Jay and Angie took over managing the Manitoba ranch in 2001 and have since purchased it. Currently, they run 400 Angus and Hereford commercial cows on a land base of 12,000 acres all in one block, which they figure will support three times as many cows once they have their rotational grazing system and fencing in place.
The couple was selected as Manitoba’s 2008 Outstanding Young Farmer. Most recently, they were part of the “doing the right things right” producer panel at the Manitoba Grazing School. Their method of operation has been to run their ranch with as little additional help as possible, Angie explains. This is part of the broader goal to manage expenses in a way that will allow them to improve and expand their operation without financial burden.
They review actual expenses
monthly and adjust their projections and budget accordingly. The annual routine involves going through the financials of the previous year, discussing their future goals, prioritizing their expansion plans and evaluating their quality of life.
Fortunately, they both really do love working the numbers — especially calculating rations. Jay rates the calculator on his cell phone right up there with the best inventions of all time.
“You have to know the numbers to bounce back if something doesn’t work or to know if it’s working in the first place — then you have to understand why it is working and continue to work to improve it,” he says. “You’ll save a lot by knowing numbers, for example, just knowing the weight of your animals can make a huge difference. From that, you can calculate the amount of feed you will need to get through the winter, or the summer.”
The rotational grazing system is in the beginning stages. Due to the scope and cost of the project, they want to make sure they get it right the first time so they’re not fencing, then having to re-fence. Grazing mentor Hugh Blair and Manitoba Agriculture farm production advisor Larry Fischer have been instrumental in helping them to get started on the right foot. Their ultimate goal is to graze the entire 12,000 acres and purchase whatever hay they require.

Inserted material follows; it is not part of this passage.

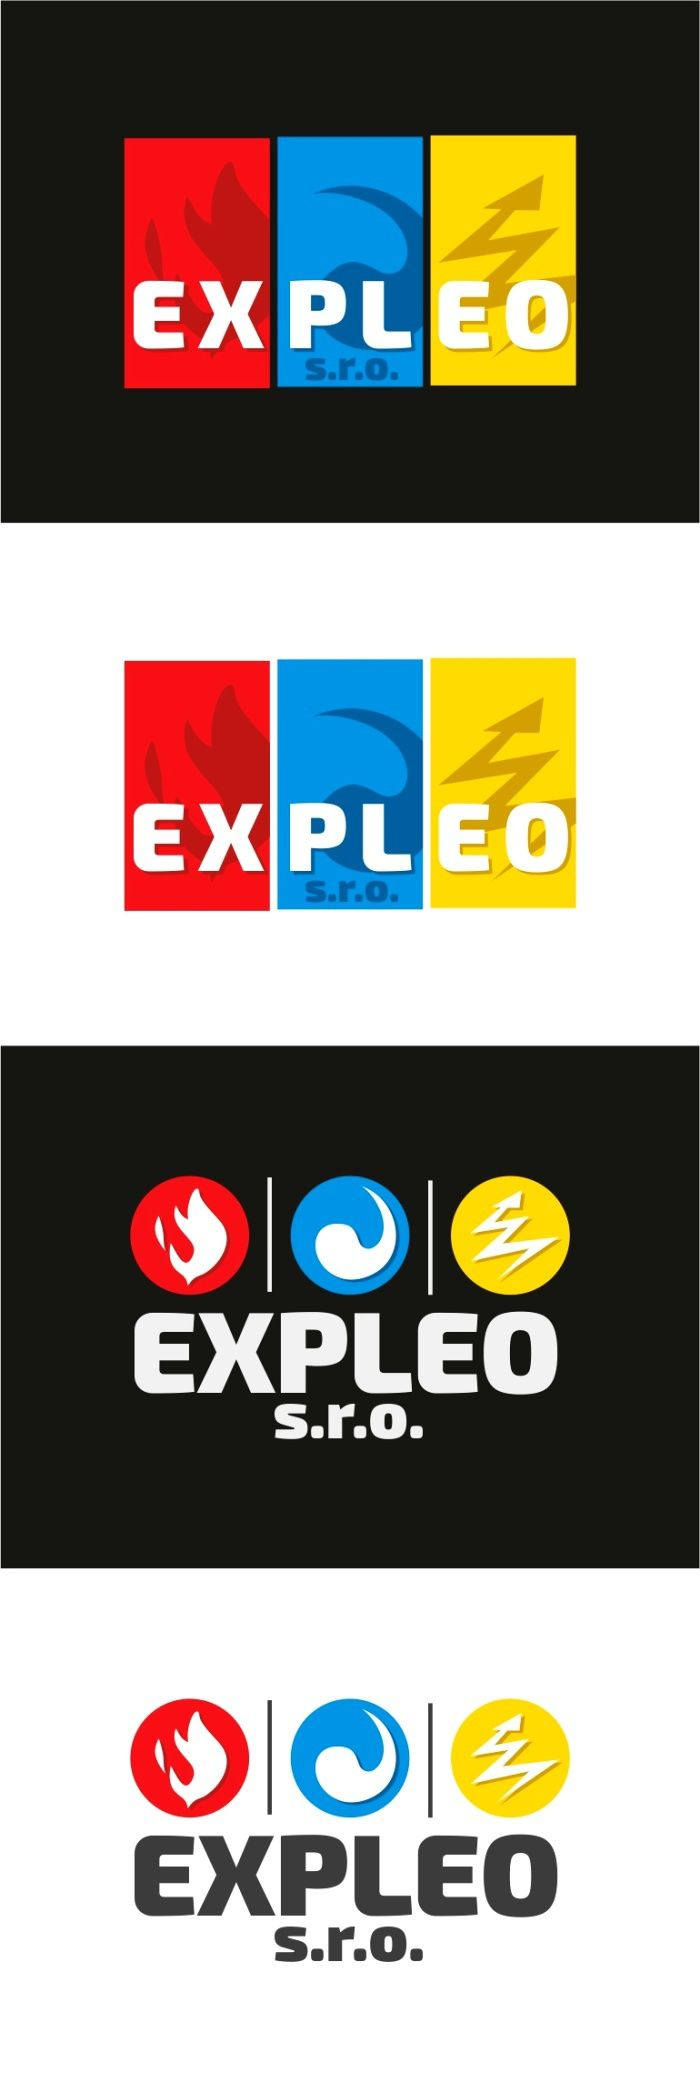 """Podívejte se na můj projekt @Behance: """"logo Expleo - water,  electricity, fire"""" https://www.behance.net/gallery/43341077/logo-Expleo-water-electricity-fire."""

Selecting hardy, high-performance bulls with femininity and strong maternal traits has been a priority during the expansion phase. They have been carrying over as many of their own females as possible to build the herd with the type of hardy, productive females that have proven themselves on their ranch. Angus bulls go with the Hereford cows and vice-versa to produce black baldy calves that wean off in the five-to six-weight range. Calving gets underway the first week of April and weaning begins in late November.

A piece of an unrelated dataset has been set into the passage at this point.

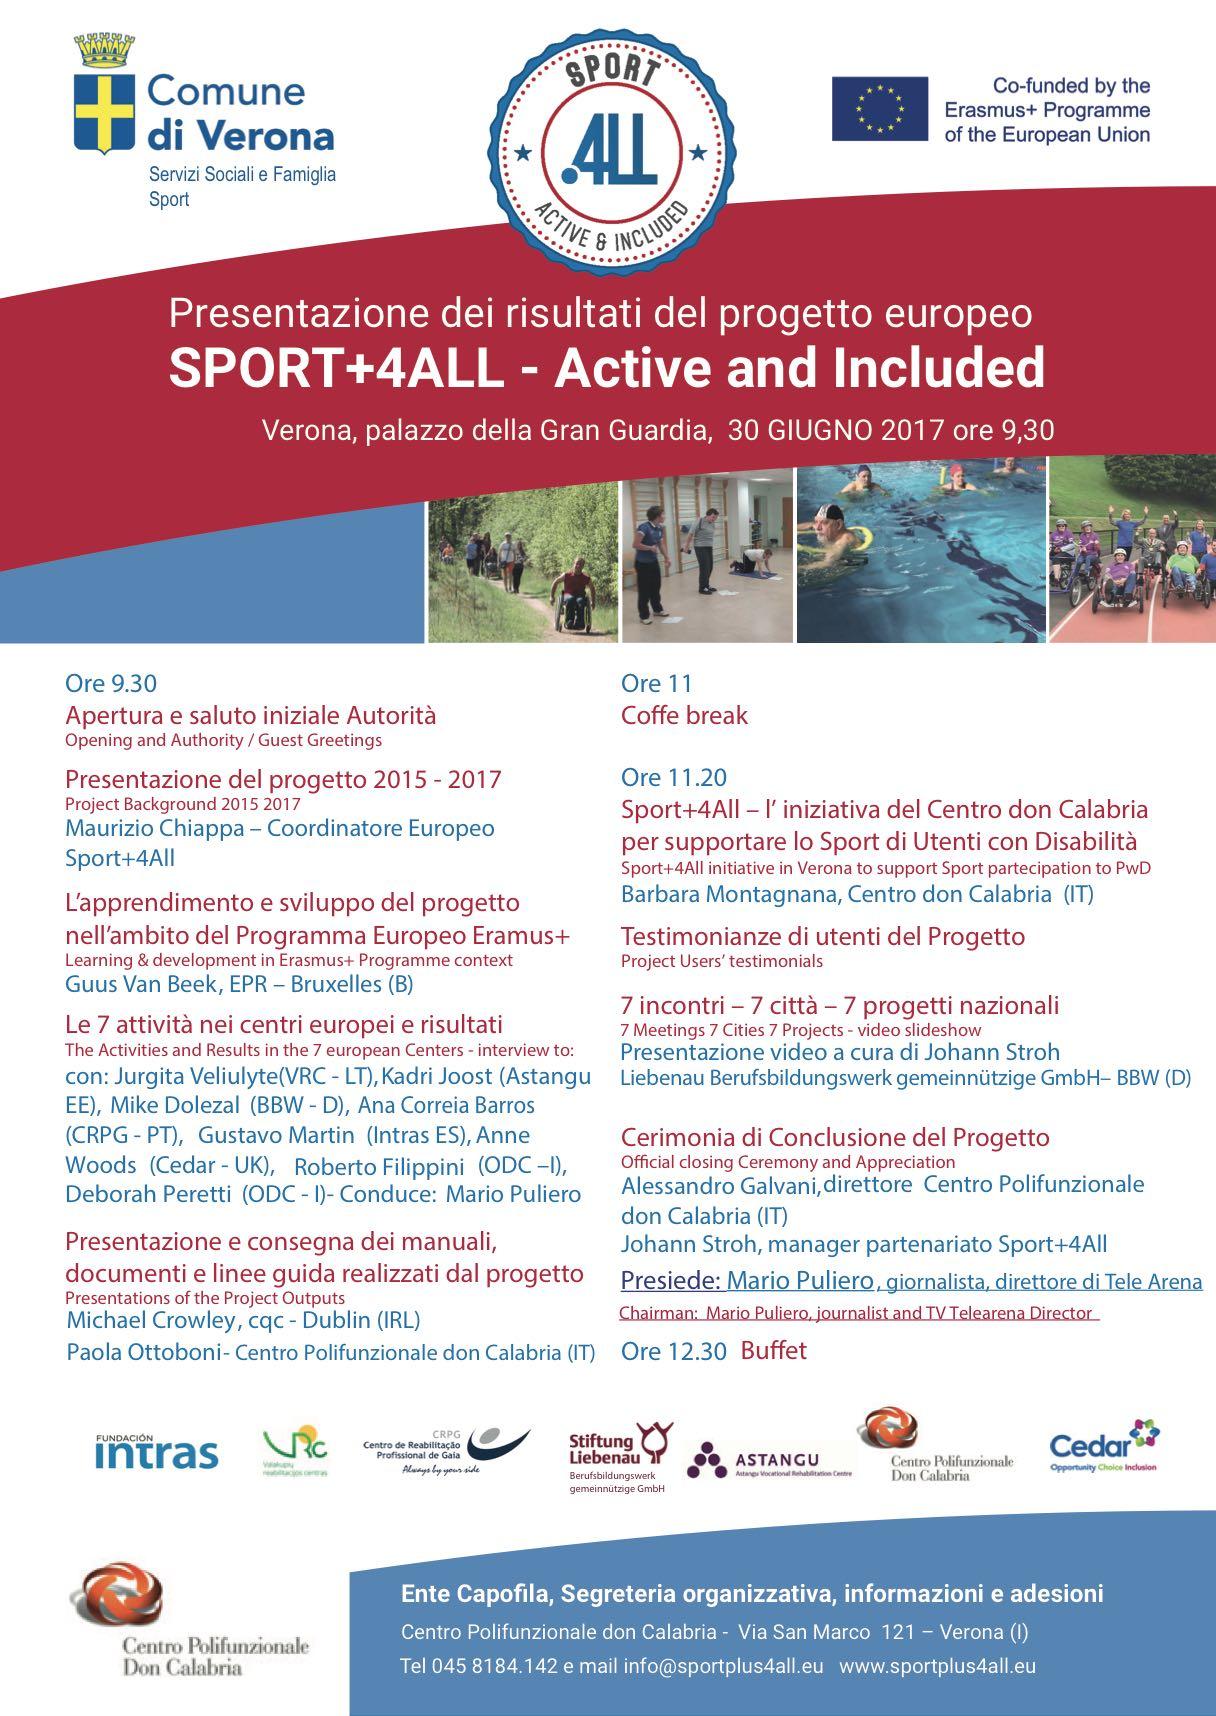 Presentazione dei risultati del progetto europeo Sport + 4 All – Active and Included

They have two large calving paddocks with handling facilities built into the centre fence line. It has worked well, but ties them to calving on the same ground every year and the area will get crowded as the herd expands. Knowing from first-hand experience that the more space the better for the health of the calves, they recently purchased a quarter section of bush land across the road from the home quarter. The plan is to clear it in strips, leaving enough bush for shelter, but not so much that they won’t be able to see the cows. They’d use the new calving grounds for the mature herd and the original calving paddocks for the heifers. The calving area is left to rest for a full year so that there is a good growth of stockpiled forage to start each calving season.
An orderly system of tagging and numbering makes record-keeping a lot easier and effective. Green tags are for the female calves and blue tags are for the male calves. They are numbered according to a thousand system beginning with the year of birth. The mother’s number goes on the tag as well. They freeze brand the number on the side of each replacement heifer after they decide on the keepers each spring. This prevents mixups when animals lose their dangle tags and makes it easy to identify the age of any cow at a glance.
Turnout is after processing toward the end of June. Each cow’s breeding group and pasture is recorded for monitoring purposes. Culls are retained in a holding paddock until they can be shipped.
They do their own veterinary work, including C-sections and pro-lapses. During the summer, they have found that treating animals right out on pasture using a tranquilizer gun is the least stressful method for the animal and the herd.
A good part of the summer is taken up with fencing and baling. Most of the hay is wild hay from the far end of the ranch that’s not yet fenced for grazing. The land is quite rocky with lots of low areas, so mowing and raking works best. To minimize soil compaction, they run three small units versus one big one.
The summer of 2009 brought an eight-inch dump of rainfall overnight right in the middle of haying season. They were able to bale some hay on the higher ground nearer to the home quarter, but it meant having to purchase hay and straw for the second year in a row. The upside was the great regrowth and the cows had plenty of grass to carry them through the long, open fall.
The cows move into bale grazing as weaning progresses. Putting out three or four days worth of bales at a time has drastically cut down the amount of time they spend doing chores and lets them move around to areas they want to improve by bale grazing. They started out this way because of the lack of good fencing on some of the land. Seeing grass production triple on some of the bale-grazed areas has been an incentive to cover as much ground as possible each bale grazing season.
It helps that the ranch is in a high rainfall area, but they can be short some years. “I’ve always said we’re in God’s country — on a wet year, we get good production on the high land and on a dry year, we get good production on the low land,” Fox adds.
That said, they have seen some extreme weather, too. A tornado that touched down in 2006 actually helped to get a new project underway by taking out an old sheep barn. With assistance from skilled family members, they constructed a heated shop, which has turned out to be a great investment. It’s significantly cut down their repair bills because the equipment used for chores during the winter can be kept inside. Jay, who is a heavy-duty mechanic by trade, now has a convenient place to work year round and will be able to take on custom repair jobs to provide a second revenue stream for the ranch.
He also attributes some of their success to their ability to remain flexible. It’s one part natural instinct from the earliest days growing up on the farm, and one part learned on the basketball court. When the ball’s in your hands, you have three choices — dribble, pass or shoot — the triple-threat, he explains. Their triple-threat marketing plan gives them options to sell calves in the fall, spring or summer.
Last year, they sent the calves to Spring Creek Ranch, at Vegreville, Alta. where they were finished for a premium natural beef program. It worked out well with the advantage of getting back carcass data and an incentive for triple A. This year, they have chosen to background the calves at home.
They agree that most of the trials and tribulations have been good learning experiences — when something doesn’t work, they figure out a new way.